Official Ends Online Access to Public Records with Social Security Numbers

Official Ends Online Access to Public Records with Social Security Numbers

Over the past few years, several U.S. states have been posting images of such records on their Web sites without redacting any of the sensitive information -- much to the outrage of privacy advocates.

Three years after it first made available certain documents containing Social Security numbers and other sensitive data on its Web site, the California secretary of state's office last week finally shut down online access to the records because of identity theft concerns.

In a statement Secretary of State Debra Bowen said her office was also freezing bulk electronic sales of its Uniform Commercial Code (UCC) database until all but the last four digits of Social Security numbers were removed from documents.

There are approximately 2 million UCC filings on record with the secretary of state's office; about a third contain Social Security numbers.

Bowen said her office is considering using redaction technology to block out the first five digits of the Social Security numbers from UCC documents.

And it has posted a warning online urging UCC filers not to include the numbers in their documents. Bowen also announced support for legislation sponsored by state Assembly member Dave Jones (D-Sacramento) that would require no more than four digits from an individual's Social Security number on public records -- both at the state and county levels.

Officials in Bowen's office could not be reached for comment.

UCC documents are financial statement filed with the state by banks and other creditors when an individual takes out certain types of loans. The documents are considered public records and are available for purchase by the public. Over the past few years, several states have been posting images of such records on their Web sites without redacting any of the sensitive information -- much to the outrage of privacy advocates.

"This is yet another place where our laws haven't kept pace with advances in technology," Bowen said in the statement.

"To make the agency more business-friendly, previous Secretaries of State have made these records available on the Internet. However, until we find a way to remove all but the last four digits of people's Social Security numbers from the records in the electronic database, I've decided to pull the plug on the system."

Bowen's decision came just weeks after her office was notified by Jones about the easy availability of Social Security numbers on its Web site, and the danger that poses for potential identity theft.

An aide to Jones today described how he purchased about 20 UCC records from the site at $6 per record and discovered that 14 of them contained Social Security numbers, full names, addresses and even images of signatures.

"It was totally easy to get those records," said the aide, who asked his name not be used. All it involved was clicking through as a nonsubscriber, entering some basic contact information and credit card details and searching for records using common last names, he said. One record contained Social Security numbers for seven people.

"Californians like to fancy ourselves about being so good on privacy," the aide said.

"But what we saw on the site was mind-boggling." Because state laws prohibit the posting of such information in public records at the county level, "it was surprising to see this happening at the state level."

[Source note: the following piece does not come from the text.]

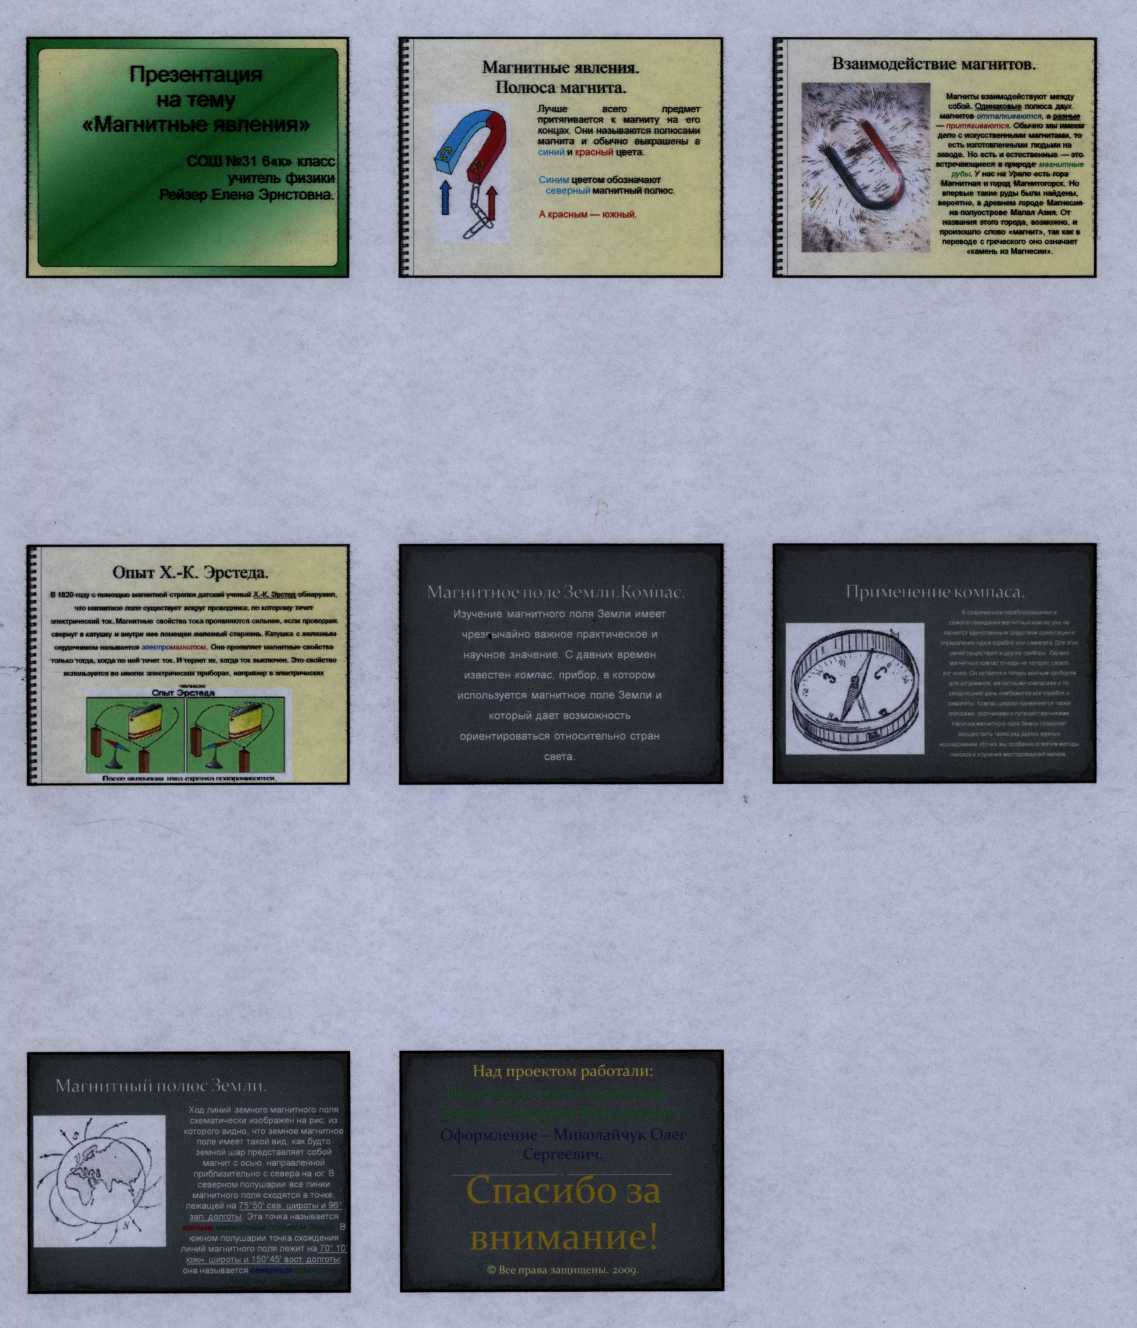 C:\Documents and Settings\Admin\Рабочий стол\media\image1.jpeg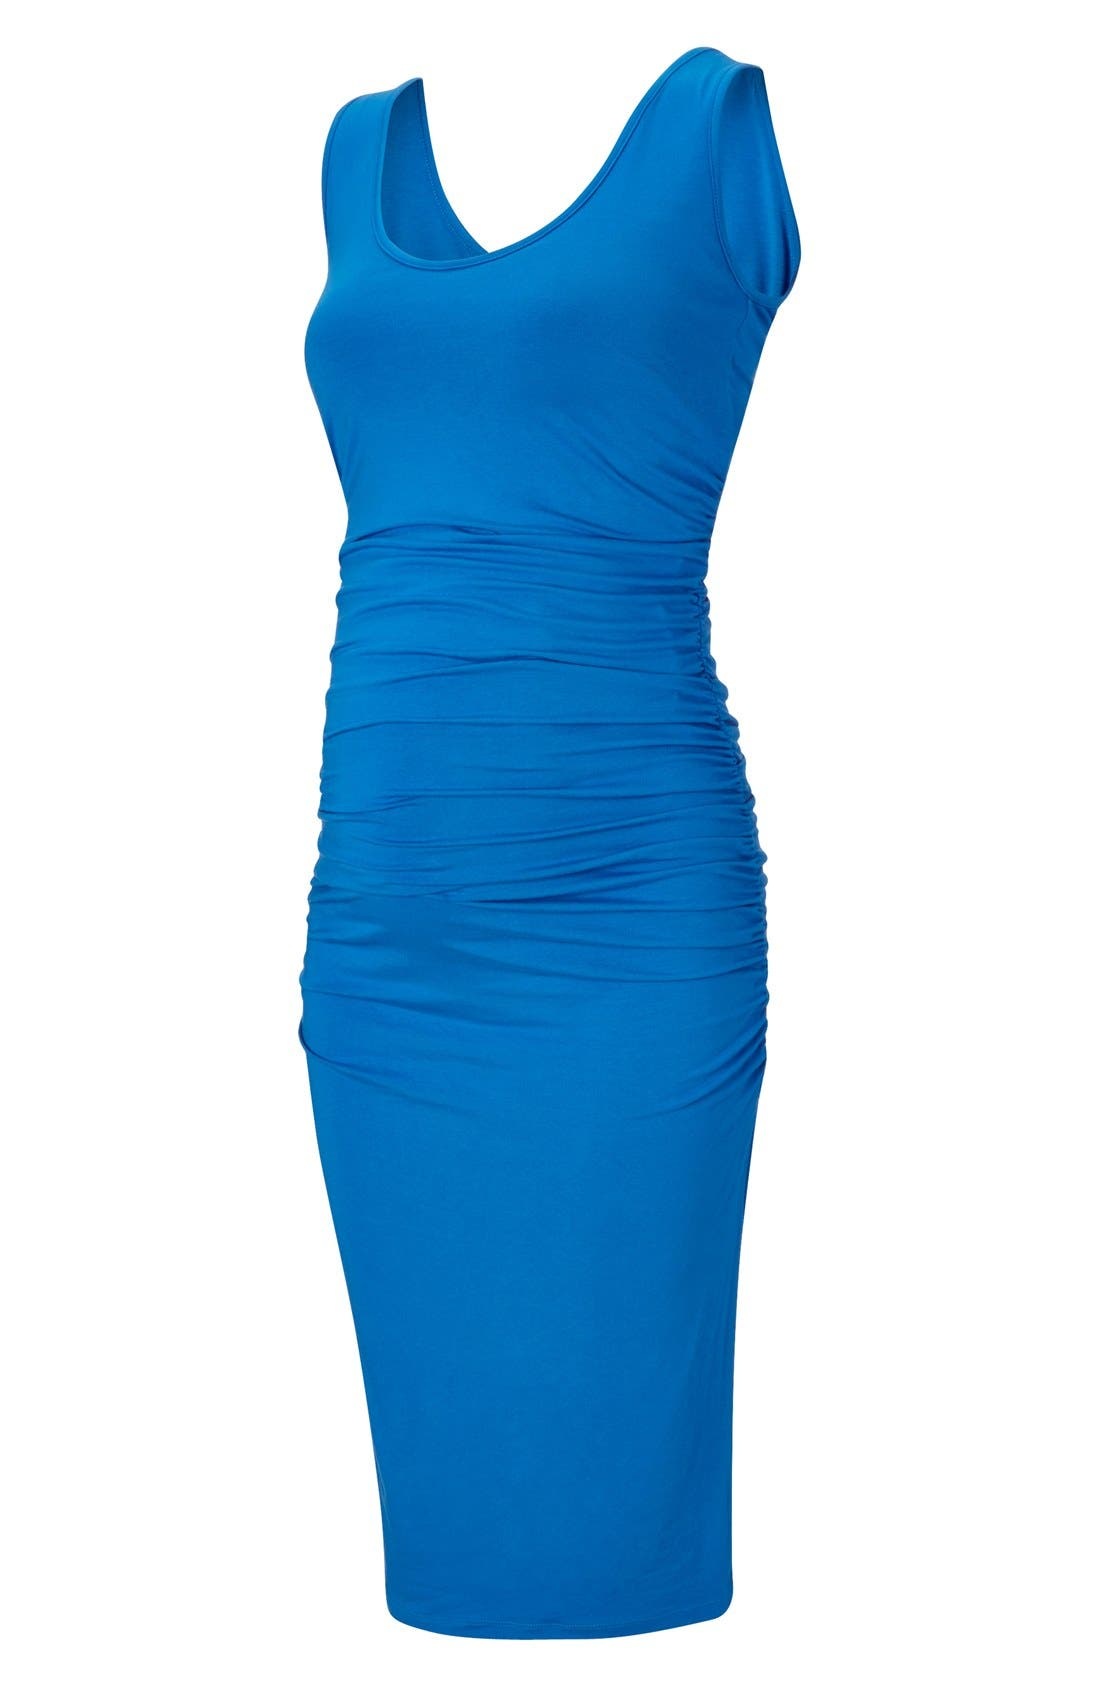 ISABELLA OLIVER,                             'Ellis' Maternity Tank Dress,                             Alternate thumbnail 3, color,                             PEACOCK BLUE

But California is not the only state to post UCC documents on the Web, nor is it the first one to take the postings down, said B.J. Ostergren, a privacy advocate in Richmond, Va., who has been pressing state and county governments to remove such data from their Web sites. Ostergren runs The Virginia Watchdog, which has for the past several years documented cases where county governments and secretary of state offices around the country have routinely posted sensitive data online.

Many are moving to block online access to the information because of heightened privacy concerns, she said. Some, such as the Ohio secretary of state's office, did so only after being threatened with a class action lawsuit. Even then, that state has not been entirely successful in removing the sensitive information.

Among the states that have pulled down images of UCC documents with Social Security numbers are Oregon, Missouri, New Mexico, Vermont, New York and North Carolina, Ostergren said. But several other states continue to make UCC documents containing sensitive data either available for free or for purchase, she said. The list includes Florida, Georgia, Iowa, Maryland and Massachusetts, Ostergren said.